On the other hand, if your group is not commutative then $ghg^{-1}$ might be not equal to $h$. For example if your group is the symmetric group, that is, the group of permutations, say of $4$ elements and $h=(235)$ and $g=(13)$ then $(13)(235)(13) \neq (235)$. The former is the function $1 \mapsto 5, 2 \mapsto 1, 3 \mapsto 3, 4 \mapsto 4, 5 \mapsto 2$ but the latter, $h$, is the function $1 \mapsto 1, 2 \mapsto 3, 3 \mapsto 5, 4 \mapsto 4, 5 \mapsto 2$.

Solution 3:

The following is equivalent to the second paragraph of Marc van Leeuwen's answer, but I think it might help emphasize how natural conjugation really is. With notation as in Marc's answer, let me write $h'$ for the conjugate $ghg^{-1}$. Then $h'$ is obtained by shifting $h$ along $g$ in the sense that, whenever $h$ sends an element $x\in X$ to another element $y$, then $h'$ sends $g(x)$ to $g(y)$. If, as people sometimes do, one regards a function $h$ as a set of ordered pairs, then $h'$ is obtained by applying $g$ to both components in all those ordered pairs.

Solution 4:

Actually I would say conjugation is $g\mapsto(h \mapsto g h g^{-1})$, that is, most often one will fix $g$ and say conjugation by $g$ is the map $h \mapsto g h g^{-1}$. Here $g$ is some kind of automorphism of a structure $X$, and $h$ is usually en endomorphism of $X$ (so $g,h$ are maps $X\to X$, where $h$ need not be invertible, though $g$ obviously must be; they're also usually compatible with some structure on $X$).
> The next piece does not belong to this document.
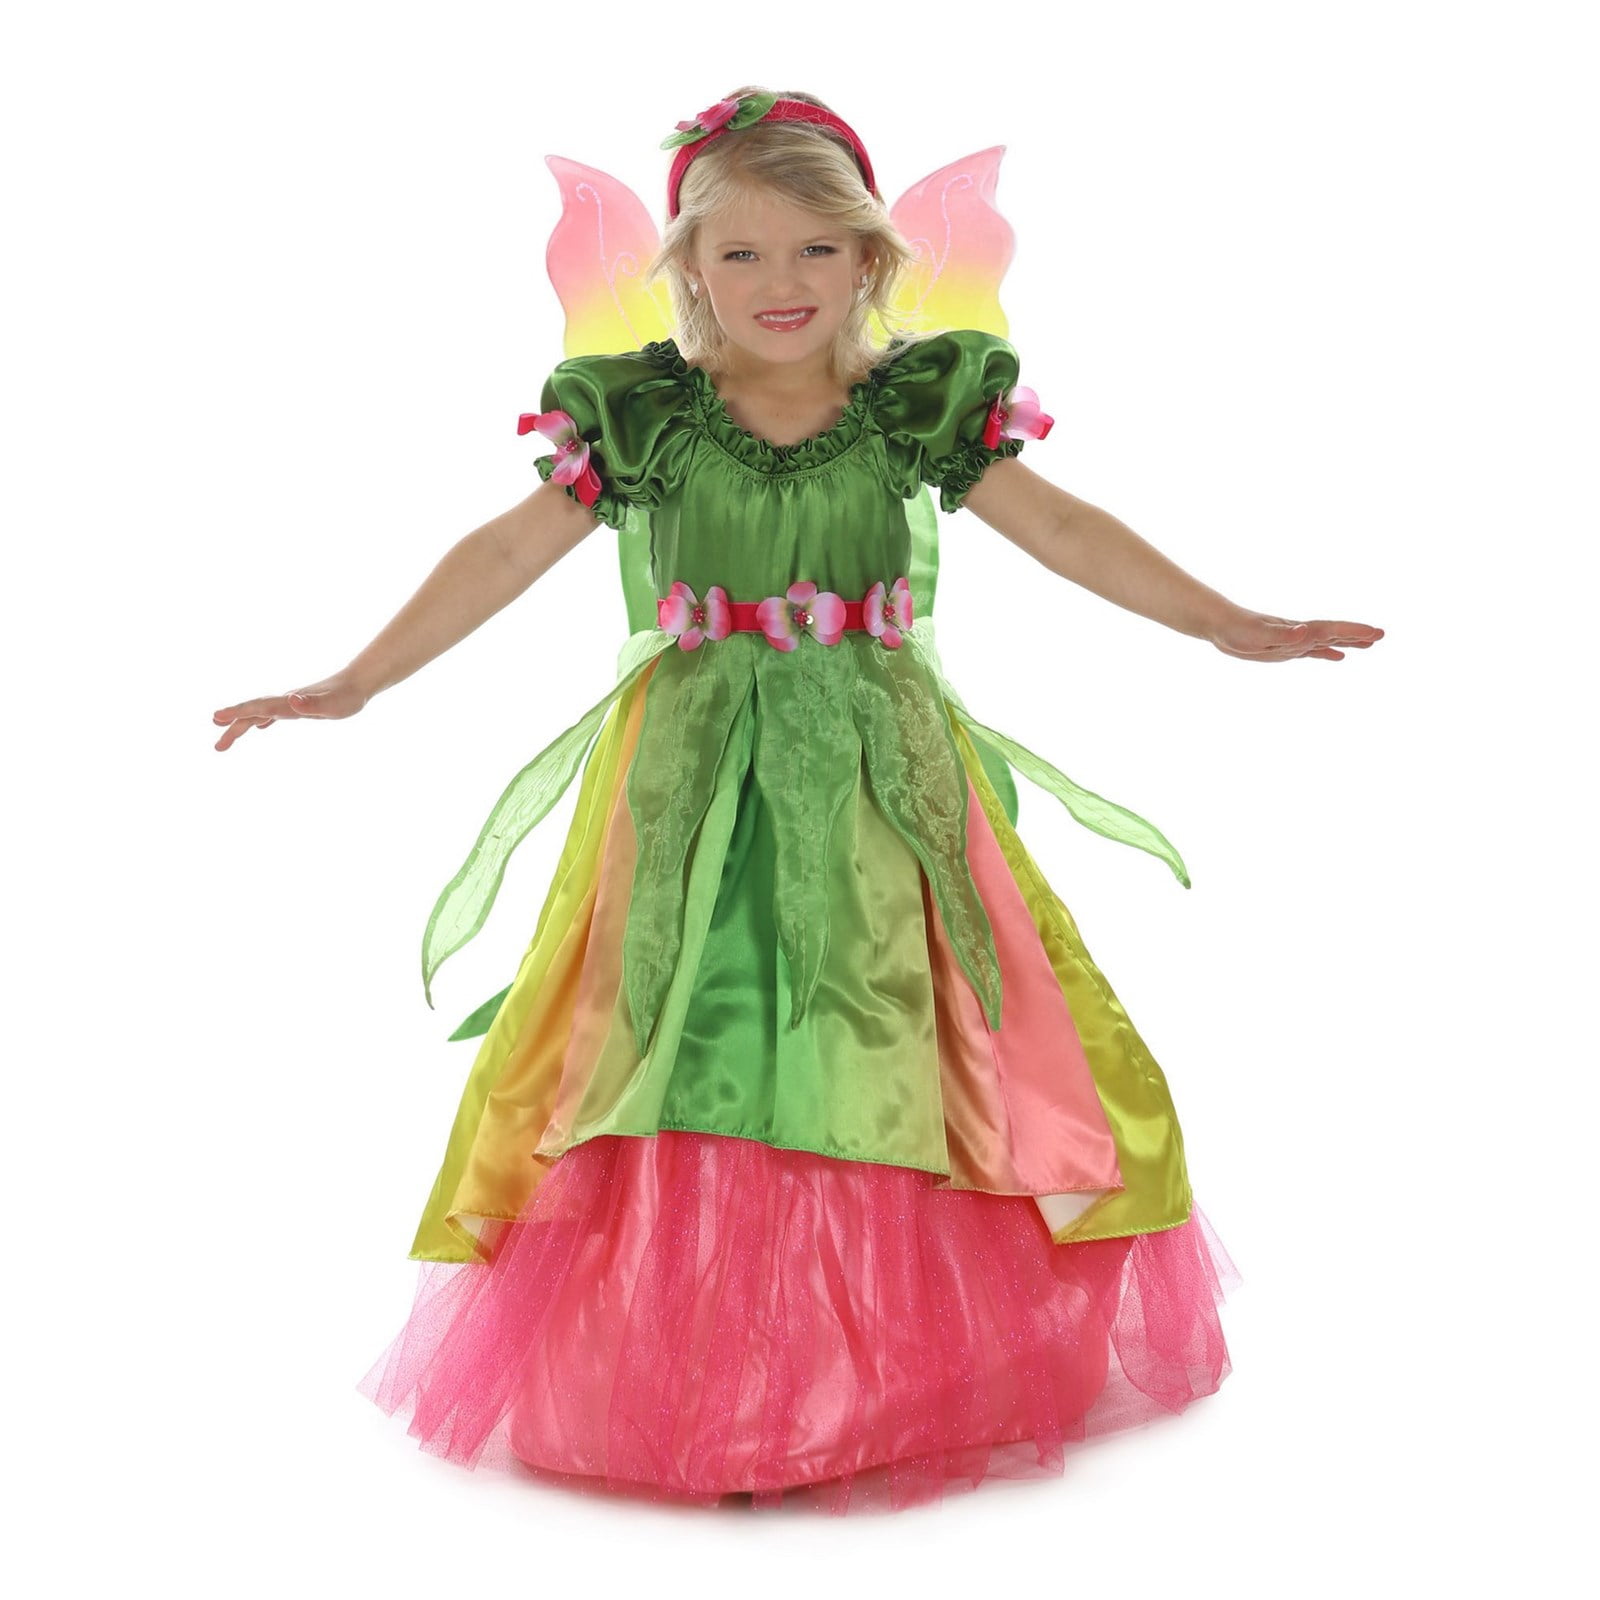 Uhdear Girls Butterlfy Princess Costume Deluxe Dress Up with Aceessories

One can consider an automorphism as a symmetry of the structure $X$, mapping any $x$ to another element $x'=g(x)$ that is (with respect to the structure of $X$) in every way similar to $x$. Conjugation of $h$ by some $g$ now means finding the map $h':X\to X$ corresponding to $h$ under the symmetry of $g$. Explicitly, given $x'\in X$ one must first find the element $x=g^{-1}(x')$ where it came from under the symmetry, then apply $h$ to $x$, and finally find the element $g(h(x))$ corresponding to $h(x)$ under the symmetry. All in all this maps $x'$ to $g(h(g^{-1}(x)))=h'(x)$, and so we've transformed the map $h$ into its symmetric counterpart $h'=g\circ h\circ g^{-1}$.

If one is doing abstract group theory, then one considers elements $g$ of a group independently of any structure $X$ of which it might be the automorphism group (one can always concoct such a structure, but it is not unique). So one cannot in this case give the above description using elements $x,x'$, but the map $h \mapsto g h g^{-1}$ can be defined in terms of the group only (where now necessarily $h$ has to be in the group). Note however that conjugation does not apply only in the group setting; one could well take $g$ to be any invertible matrix and $h$ any matrix of the same size; this is also called conjugation.